Banyak aspek yang bisa menjadikan ekowisata yang berdaya saing dan bernilai edukasi dan ekonomi tinggi.
“Ekowisata tidak hanya destinasi (daya tarik), tetapi ada edukasi. Ada story (cerita) dibalik daya tarik di dalamnya,” kata Sekretaris Daerah Provinsi Kaltim Sri Wahyuni saat Marfish Seminar Series 01 Danau Kakaban di Gedung Profesor Dr H Masjaya Universitas Mulawarman Samarinda, beberapa waktu lalu.
Bahkan diungkapnya, tidak sedikit ekowisata terkait aset (benda/satwa) purbakala di suatu daerah, sehingga perlu literasi untuk menikmatinya.
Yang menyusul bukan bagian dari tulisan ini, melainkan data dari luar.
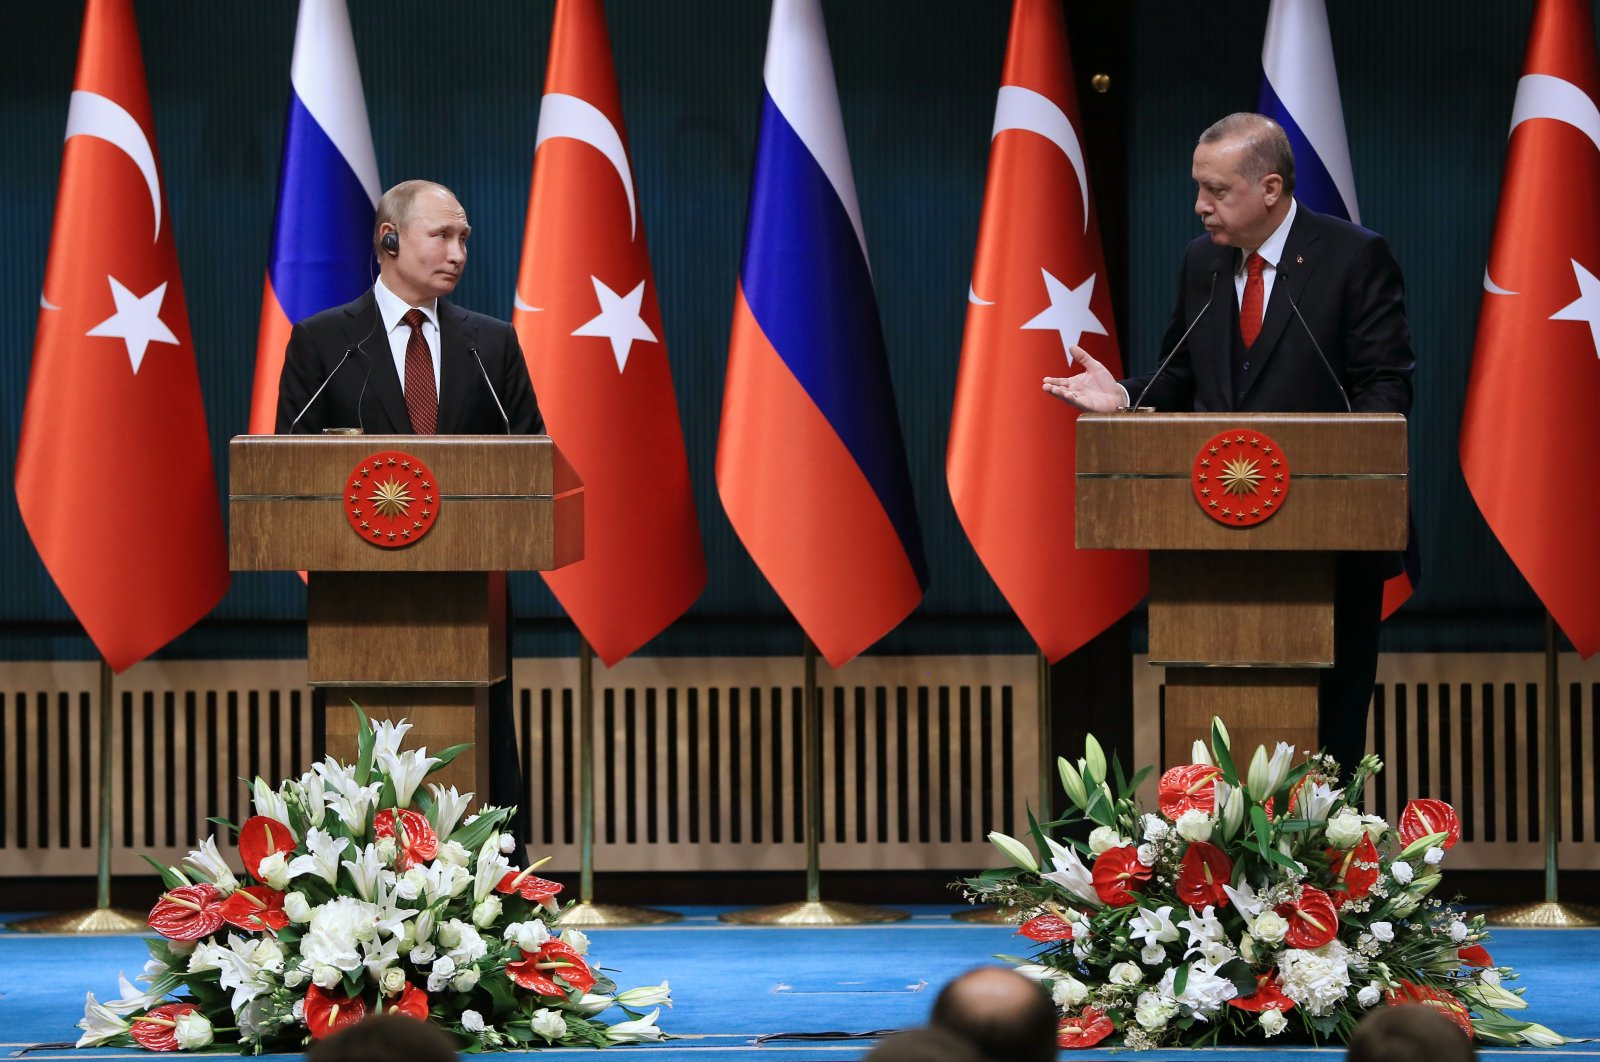 President Recep Tayyip Erdoğan (R) and Russian President Vladimir Putin in the capital Ankara, Turkey, April 3, 2018. (AA Photo).

“Selain masyarakat lebih mengerti kawasan yang dikunjungi. Juga, perlindungan terhadap aset itu sendiri agar tidak terganggu bahkan hilang dan punah,” bebernya.
Baca berita Kaltim Live! Wisata Alam di Kaltim Harus Lebih Seru
Demikian potensi ekowisata untuk Pulau Kakaban dengan ubur-uburnya yang memiliki keunikan tersendiri dan tidak ada di negara lain.
“Kalau di Maluku ada moluska, maka di Kaltim ada ubur-ubur yang bisa menjadi cikal bakal geopark di kawasan laut,” jelasnya.
Ubur-ubur di Kakaban Kabupaten Berau, ujarnya, salah satu satwa purbakala jutaan tahun lalu yang masih berevolusi dan bertahan hingga saat ini.
Sekda Sri pun mencontohkan negara Nepal yang membatasi (seleksi dan tarif tertentu) bagi orang datang berkunjung untuk menikmati destinasi wisatanya.
“Bayangkan, orang harus rela antri sampai lebih 3 bulan, baru bisa masuk ke Nepal untuk mengunjungi kawasan ekowisata di sana,” ungkapnya.
Baca berita Kaltim Live! Jaga Ekosistem Mangrove, Jadikan Tempat Wisata dan Pusat Pendidikan
Menurut Sekda, kebijakan yang diberlakukan Nepal juga bisa dibuat di Indonesia. Khususnya Pemerintah Provinsi Kalimantan Timur untuk Pulau Kakaban.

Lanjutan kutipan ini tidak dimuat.